Notes
- Il apparaît ici important de donner quelques précisions sur cette expérience professionnelle afin que les réflexions émergentes ainsi que les exemples donnés puissent être compris dans leur contexte. Je travaille depuis plusieurs années dans une équipe du RSSS dont le mandat est d’offrir des suivis de santé et psychosociaux de proximité (dans la rue, les organisations communautaires, etc.) à des personnes en situation d’itinérance. La mission première de cette équipe est de faciliter l’accès aux services existants à des personnes isolées, marginalisées et qui n’ont pas accès à des suivis adéquats ou à des services adaptés à leur réalité. Le travail des intervenant-es de cette équipe étant en particulier d’aider ces personnes, aux parcours extrêmement variés, à naviguer à travers les différents services et institutions, cette expérience a aiguisé ma connaissance des divers systèmes (santé, services sociaux, emploi, justice, logement, etc.) dans leur grande complexité, leurs forces, mais également leurs limites et leurs failles.
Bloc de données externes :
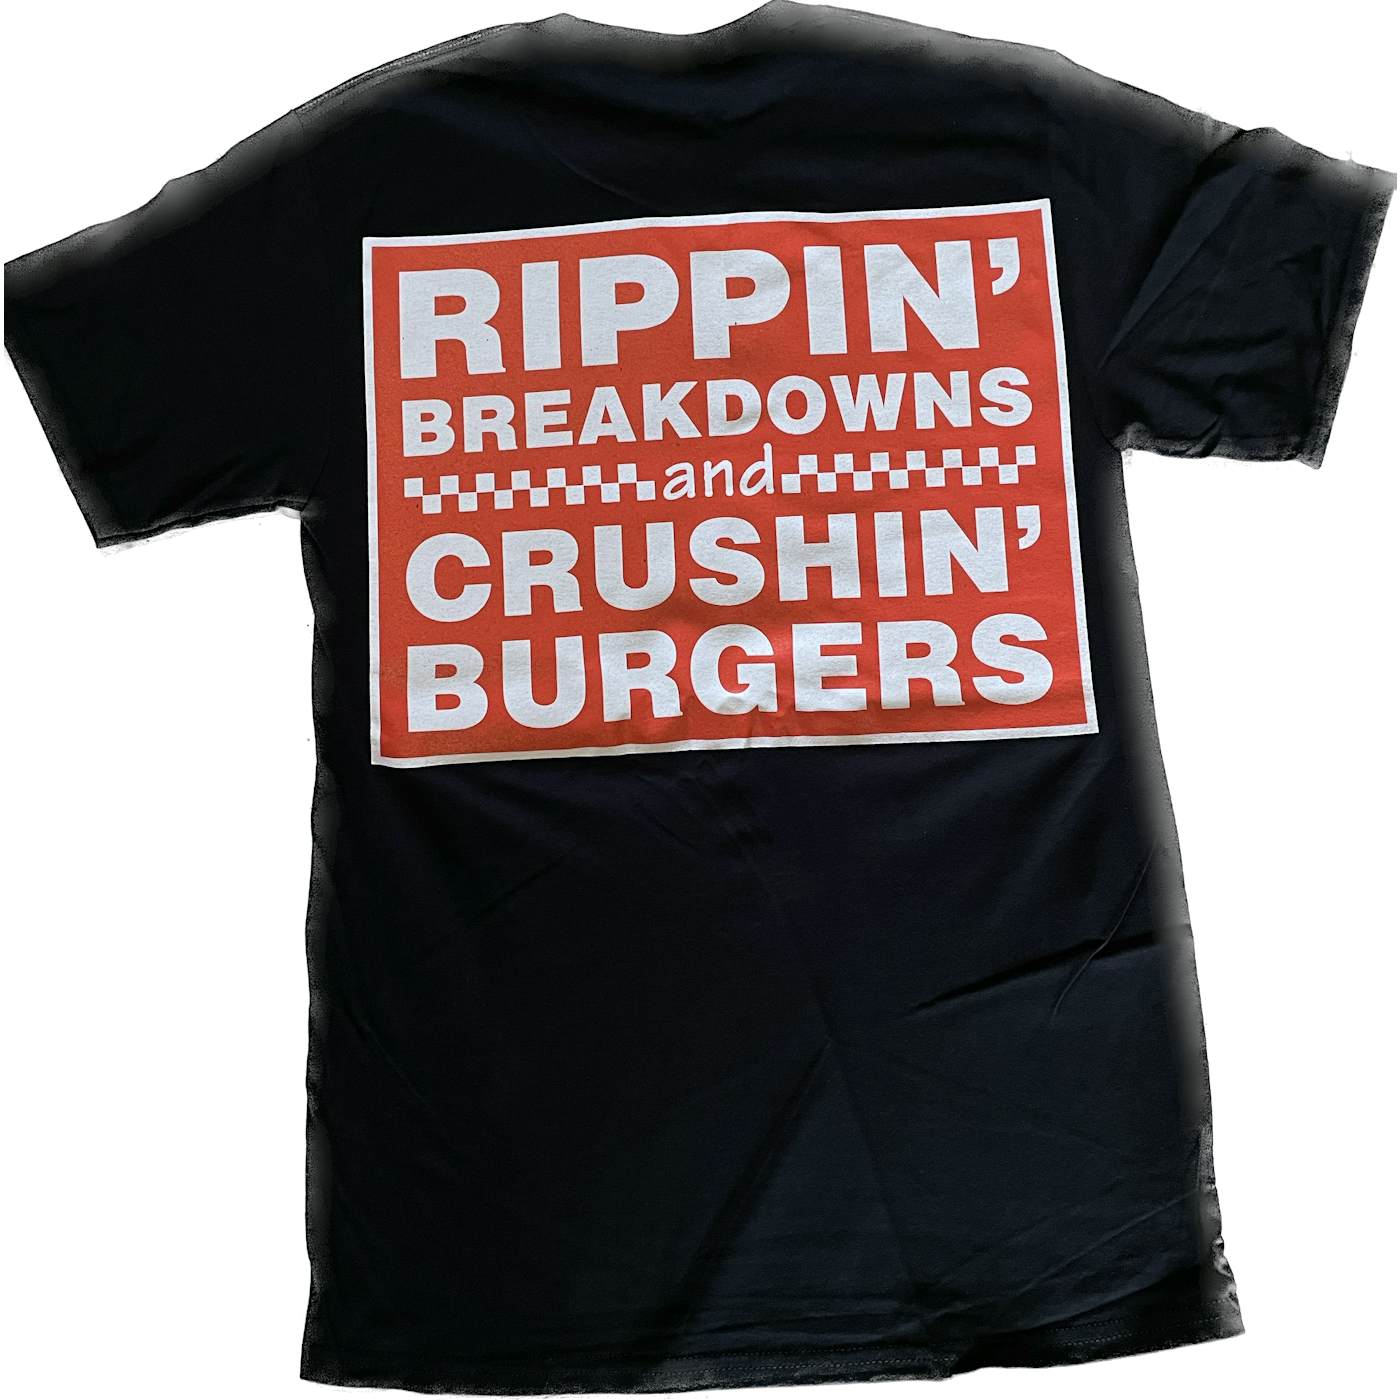 Bodysnatcher 5 Guys Burgers T-Shirt

- À travers cette revue de la littérature, j’ai d’abord recensé les écrits entourant le phénomène de l’itinérance et l’évolution des conceptions de la marginalité et de la vulnérabilité. Je me suis ensuite penchée sur la place de la créativité d’abord en intervention sociale puis plus spécifiquement dans le champ du travail social. J’ai alors exploré l’évolution de cette profession dans une mouvance modernisme-postmodernisme et j’ai sondé inévitablement les questions incontournables de l’alternance du travail social comme étant outil de changement et outil de contrôle, la question de la dualité entre savoir expert et savoir expérientiel, la place des émotions dans la pratique et l’identité professionnelle.
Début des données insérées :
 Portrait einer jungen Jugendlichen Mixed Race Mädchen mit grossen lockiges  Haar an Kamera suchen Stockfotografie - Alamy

- Afin de mieux saisir comment s’établit l’alliance thérapeutique entre les travailleurs-euses sociaux-ales et les personnes en situation d’itinérance, je compte documenter les perceptions qu’ont ces différent-es acteurs-trices de la place à accorder à cette alliance dans leur relation professionnelle, de la forme qu’elle prend, de ses effets, de ce qui la favorise ou lui fait obstacle. J’utilise trois méthodes de collecte de données : l’analyse de textes, les entrevues individuelles avec des travailleurs-euses sociaux-ales et des personnes en situation d’itinérance et l’observation directe des activités des travailleurs-euses sociaux-ales.
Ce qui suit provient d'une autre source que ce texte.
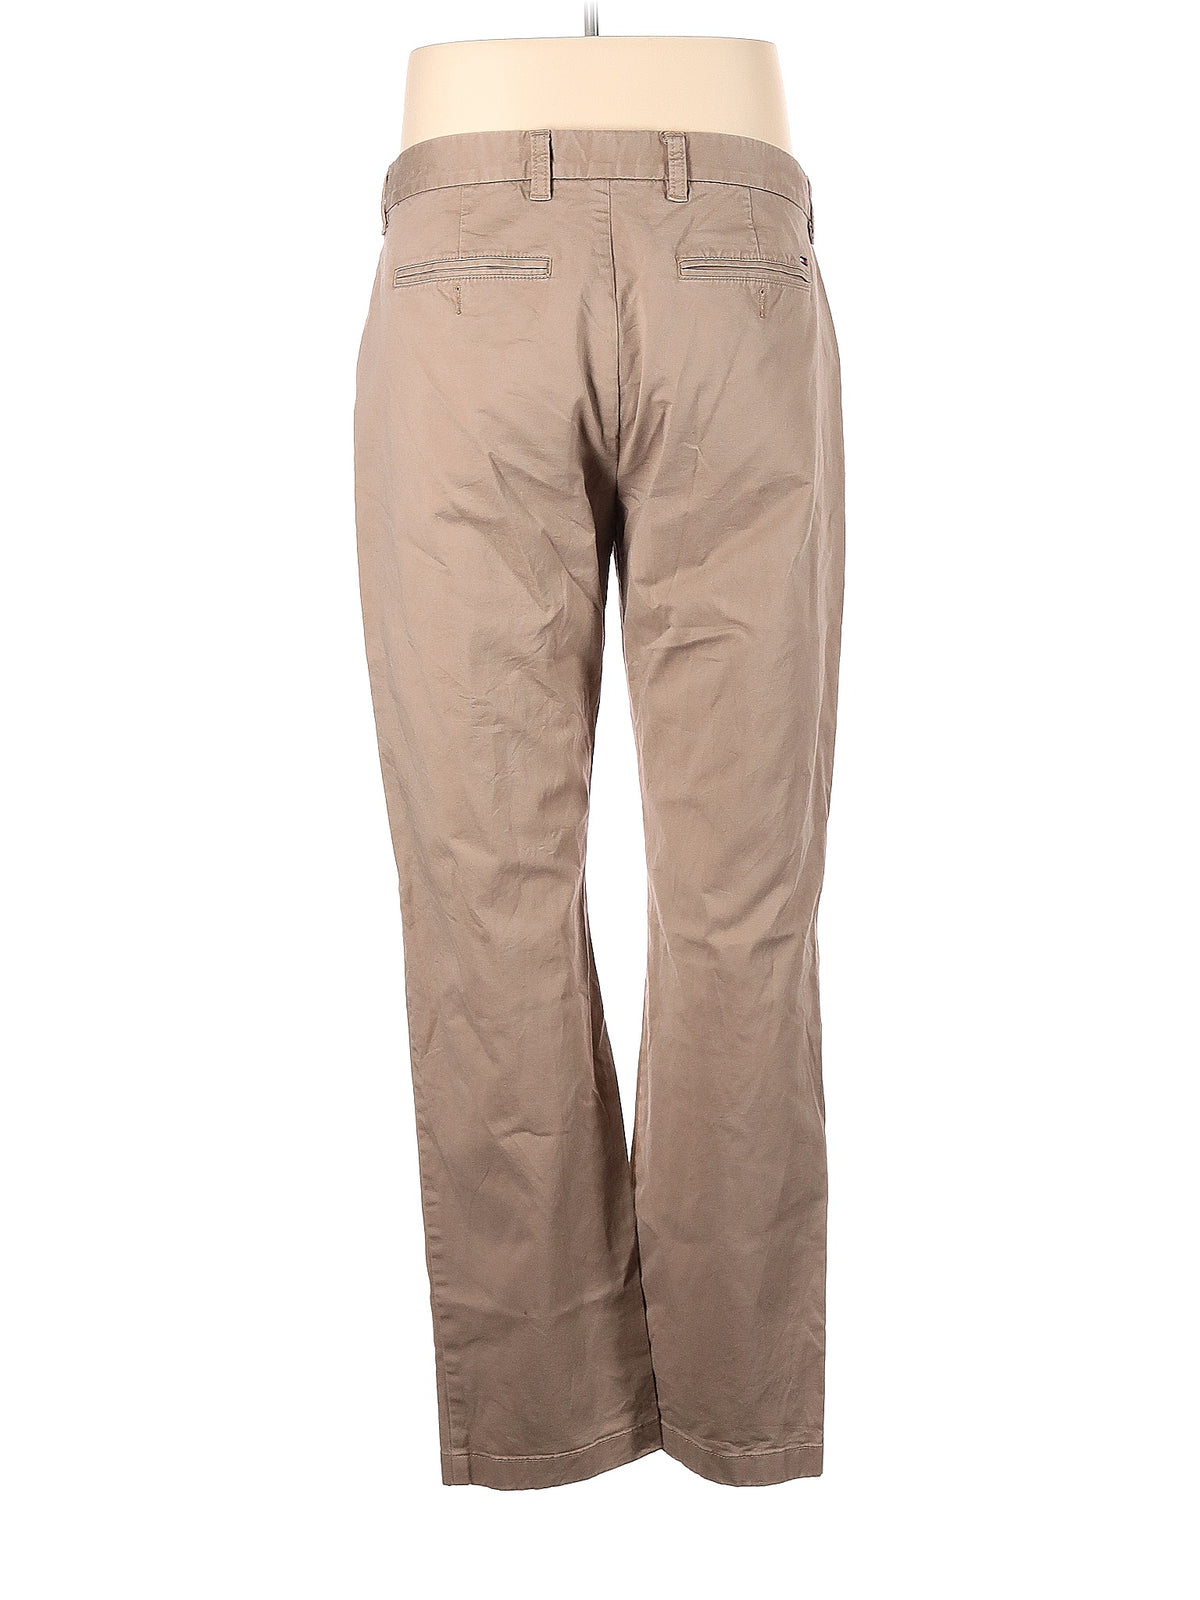 Khaki/Chino Pants size - 35 (W35 L32)

- « can lead to individuals excluding themselves from particular relationships and situations as they seek to minimalize and manage the damage to their self-identity and personhood », notre traduction.
- J’entends par autonomie la question de différenciation à l’autre telle que décrite par Winnicott (1975) et soulevée plus haut. C’est par la reconnaissance de l’autre comme ayant une « vitalité qui lui est propre » (Winnicott, 1975, p.34) qu’on lui concède un pouvoir sur sa manière d’être et d’agir. Cela n’est pas sans rappeler la notion de « pouvoir d’agir » que Côté et al. (2019, p.17), en se référant à Le Bossé (1998), définissent comme « le contrôle que peut exercer une personne ou un groupe de personnes sur son/leur environnement par la recherche et l’obtention des ressources matérielles, psychologiques et sociales nécessaires pour atteindre leurs objectifs ».